Watching the closing Mass of World Youth Day, I actually enjoyed the “Brazilian-ness” of it all. The music, the arms waving, the waves on the beach, and the remarkable silence of 3 million people when they were told to meditate. (Try that last item in your local parish!)
And I could also imagine the complaints about the music, summarized as “Arggh, more pop music!” Then it occurred to me that the music (which reminded me strongly of Barry Manilow) wasn’t pop music at all to those young people.
Heck, it’s music from before they were born; it’s their parents’ music. Popular music has gone way further down the road since the 1980s – think hip-hop, techno-pop, trance music, rap, etc.. And if these 80’s stylings are the music you’ve heard in church all your life, it’s not “pop music,” it’s downright traditional church music.

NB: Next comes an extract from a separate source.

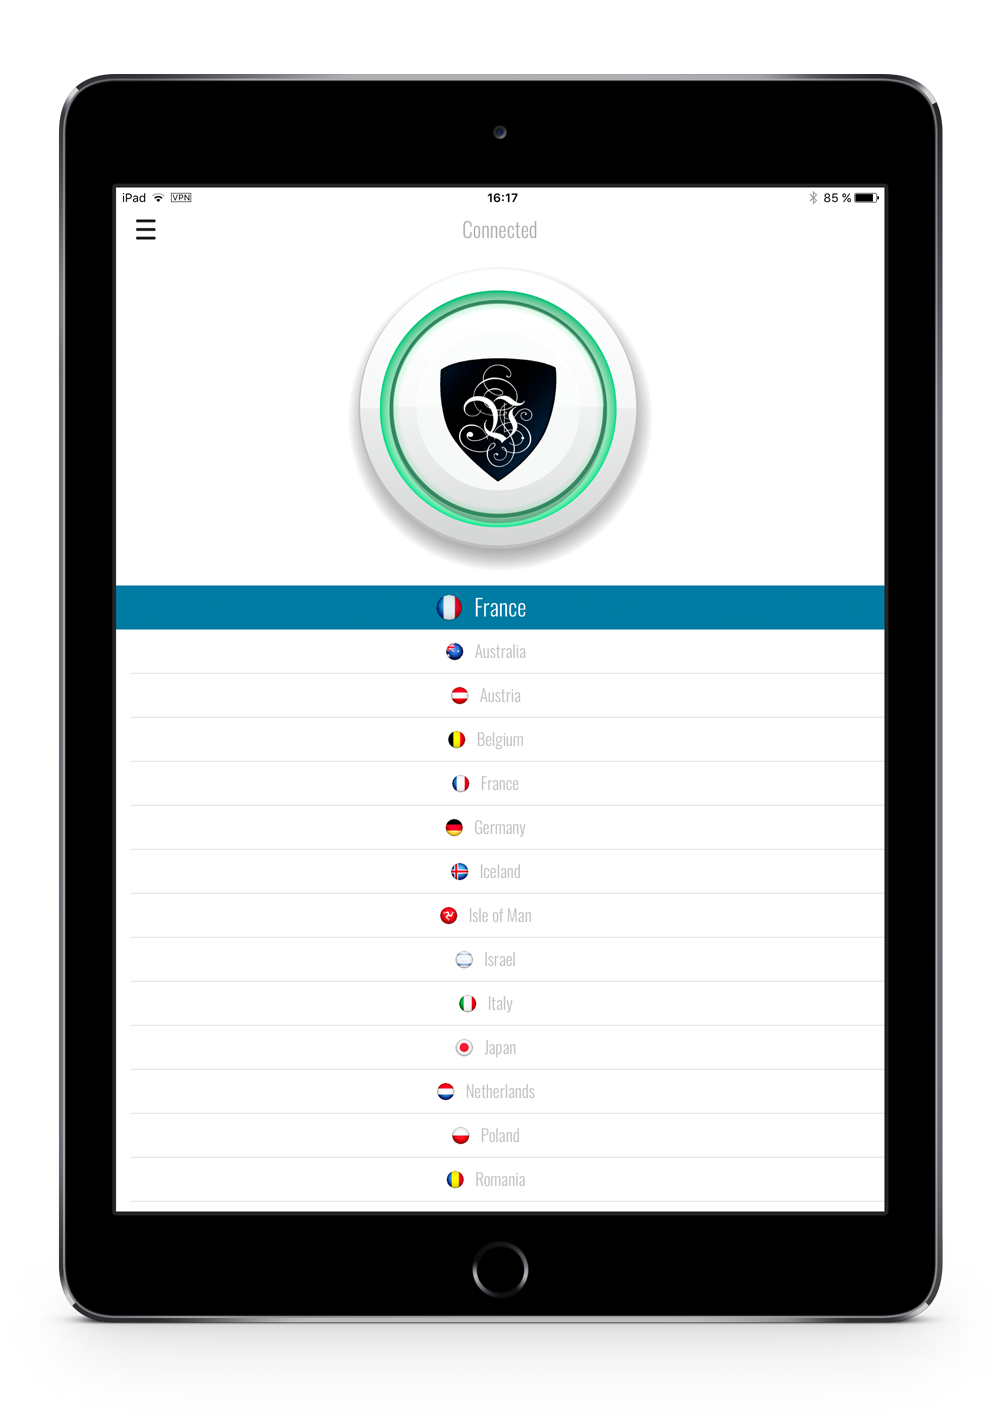 Le VPN for iPad   VPN app for iPad   The best VPN for iPad   best VPN app for iPad   VPN apps for iPad

[Cue “I Write the Songs.”]
Hipper Worship Bands: Not the Answer
Time and again, the assumption among Christian leaders, and evangelical leaders in particular, is that the key to drawing twenty-somethings back to church is simply to make a few style updates
– edgier music, more casual services, a coffee shop in the fellowship hall, a pastor who wears skinny jeans, an updated Web site that includes online giving.But here’s the thing: Having been advertised to our whole lives, we millennials have highly sensitive BS meters, and we’re not easily impressed with consumerism or performances….
Many of us, myself included, are finding ourselves increasingly drawn to high church traditions – Catholicism, Eastern Orthodoxy, the Episcopal Church, etc. – precisely because the ancient forms of liturgy seem so unpretentious, so unconcerned with being “cool,” and we find that refreshingly authentic.